Previous message: Fletcher, Stephen J: "RE: Identifying Kernel 2.4.x based Linux machines using UDP"
Messages sorted by: [ date ] [ thread ] [ subject ] [ author ]

After performing some additional testing and parsing the feedback I've
received from the list, it looks like only the following are affected:

- Netscape 6.0 - 6.21 (Tested on Windows XP and RedHat 7.2)

- Mozilla Build 2001090111 (Included with RedHat 7.2)

And the following are not affected:

- Mozilla 0.9.9 (Tested on RedHat 7.1, 7.2, and Debian)

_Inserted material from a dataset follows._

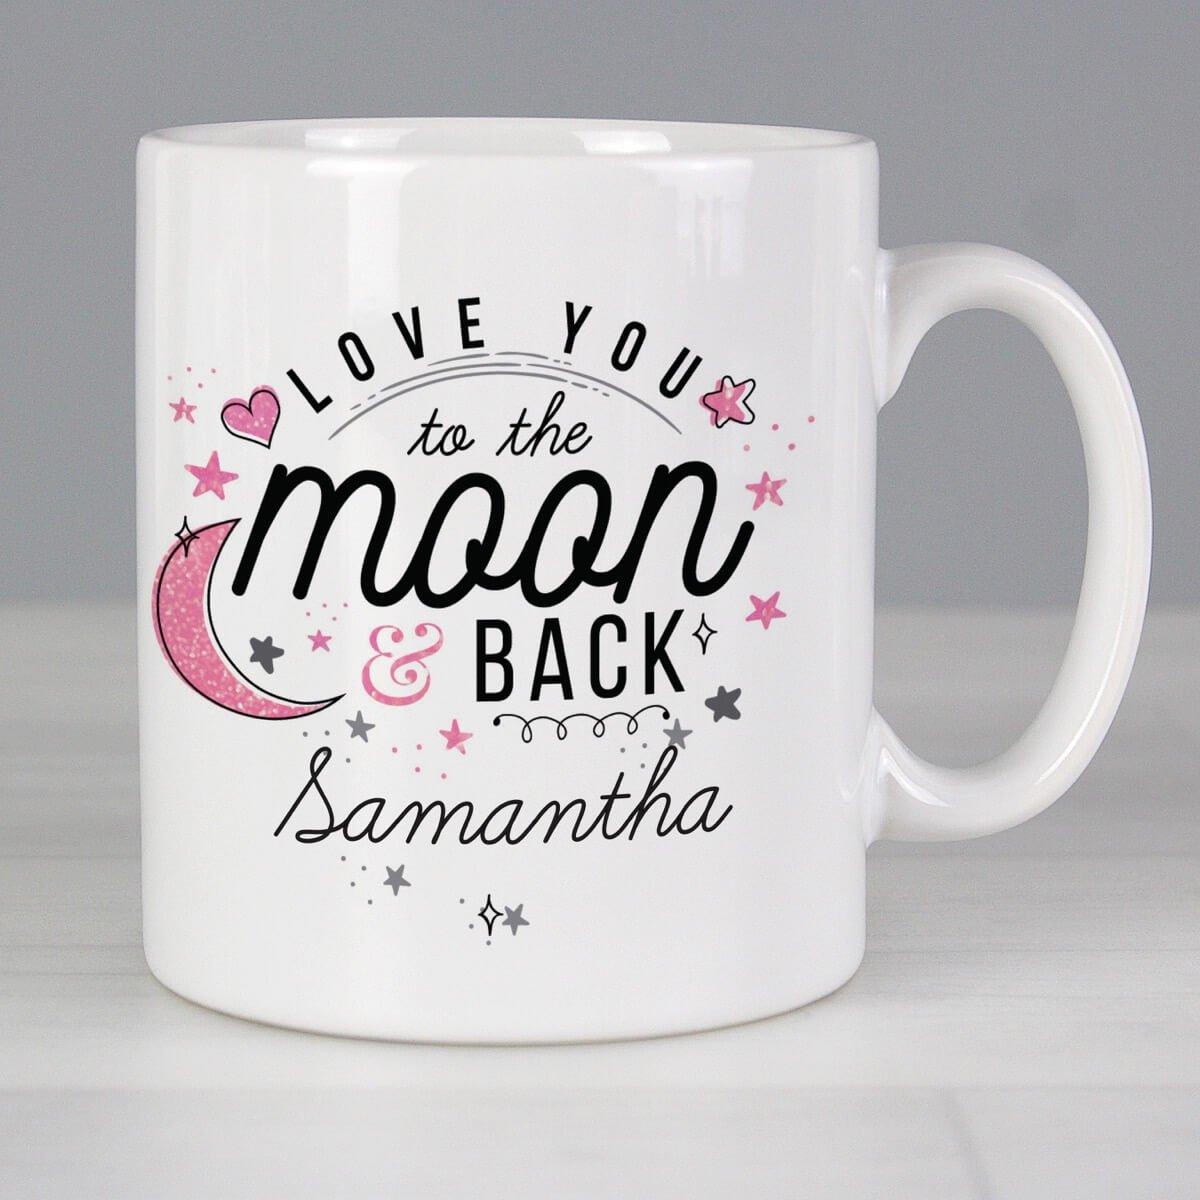 Personalised To The Moon & Back Pink Mug

Not yet sure about at what version this changed.  I'm hoping someone at
Mozilla can confirm that it was truly fixed in 0.9.9 and not just
inadvertantly changed where it could pop up somewhere else or under
different circumstances.  I don't see this being reported anywhere else
(security focus lists), and can't seem to find any mention of it in any
release notes for mozilla.

If it has been fixed, it appears that it hasn't propogated to Netscape
yet, and RedHat probably should include the newer version (as I'm sure
they will) of the browser with future distributions.

Next message: itojunat_private: "Re: TCP Connections to a Broadcast Address on BSD-Based Systems"
Previous message: Fletcher, Stephen J: "RE: Identifying Kernel 2.4.x based Linux machines using UDP"
Messages sorted by: [ date ] [ thread ] [ subject ] [ author ]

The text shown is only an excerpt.